Parfait Eloundou-Enyegue, chair and professor in the Department of Development Sociology, received the Outstanding Accomplishments in Science and Public Policy Award in a ceremony Nov. 5 celebrating research, extension and staff excellence at the College of Agriculture and Life Sciences.
Eloundou-Enyegue's scientific work addresses the implications of demographic change for socioeconomic development and inequality, with a focus on sub-Saharan Africa. A Cornell faculty member for the past 15 years, he is at the forefront of promoting science to influence global development policy, consulting with and advising international organizations.

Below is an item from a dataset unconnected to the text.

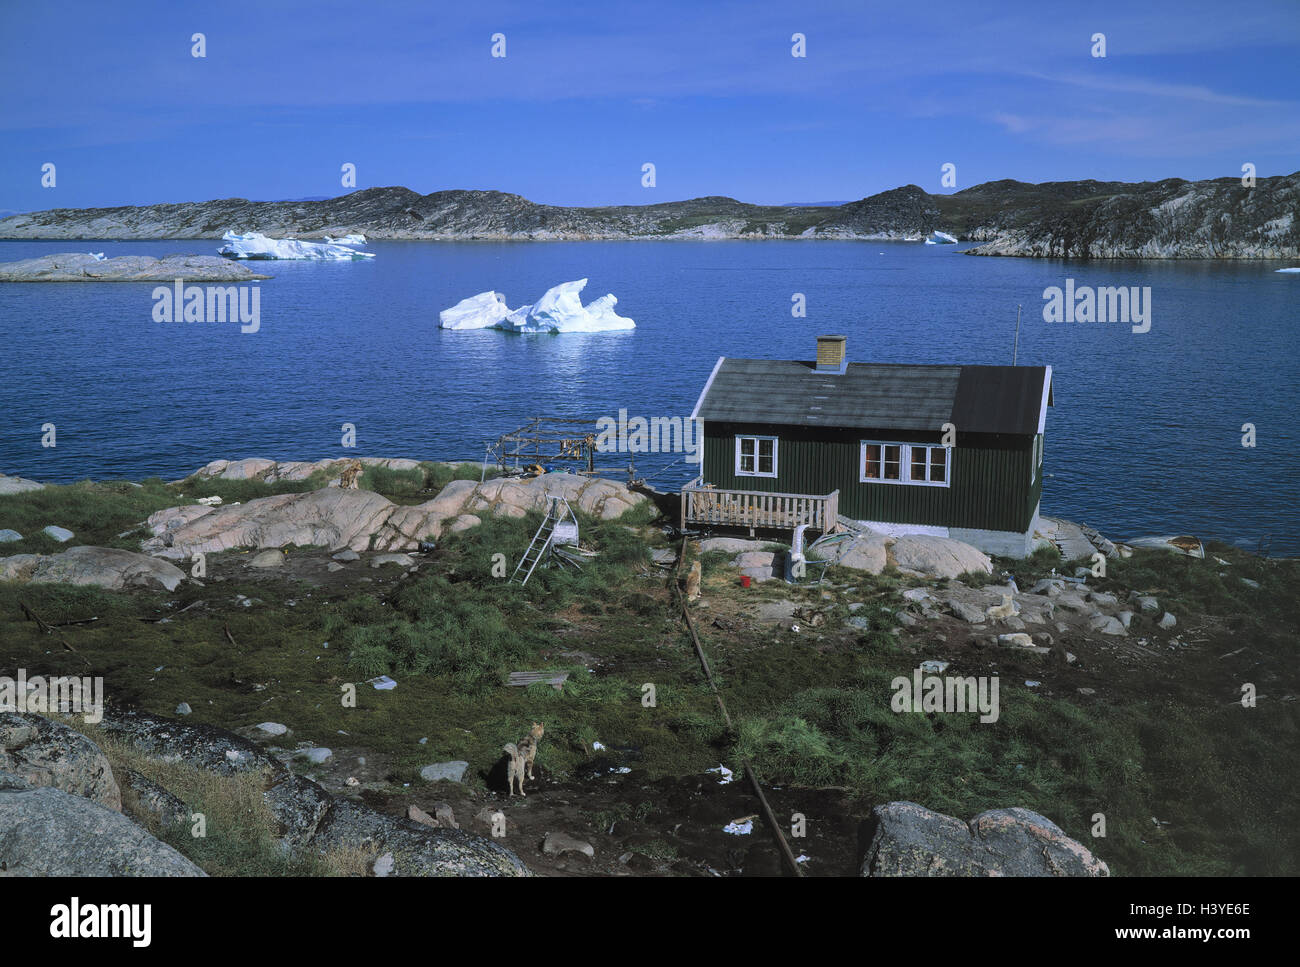 Denmark, Greenland, Jakobshavn house, sea Inuit town, west Greenland, place, view, fishing house, residential house, architectural style, typically, coast, Atlantic, the Atlantic, icebergs, floes, Stock Photo

His emphasis on the importance of scientific evidence in shaping development policy exemplifies the qualifications for this award, said Kathryn J. Boor '80, the Ronald P. Lynch Dean of CALS.
"Parfait’s expertise at the nexus of science and policy is critically important as we try to understand the economic and equality implications of a global population expected to exceed 9 billion by the middle of this century," said Boor.
Much of Eloundou-Enyegue's research is policy-relevant, but it is his ability to translate scientific findings into action items that has led to numerous senior-level consultancies for a range of institutions, including the United States Agency for International Development and the World Bank, among others.
In 2017, at the United Nation’s General Assembly meeting, he was the only academic invited to speak on a high-level panel alongside several African presidents. Currently, he is part of a 15-member panel of scientists drafting the upcoming United Nations Sustainable Development report.
As part of this effort, he helped organize a May 11 held by the Polson Institute for Global Development. The event brought scholars and policy experts from across the globe to Cornell.
"Parfait is also dedicated to training the next generation of population scientists — both here at Cornell and around the world — to affect policy," said Boor.
She noted his work teaching large undergraduate courses, advising students, conducting his own research and serving as department chair. He also mentors graduate students from around the world through the Population Reference Bureau’s policy fellows program.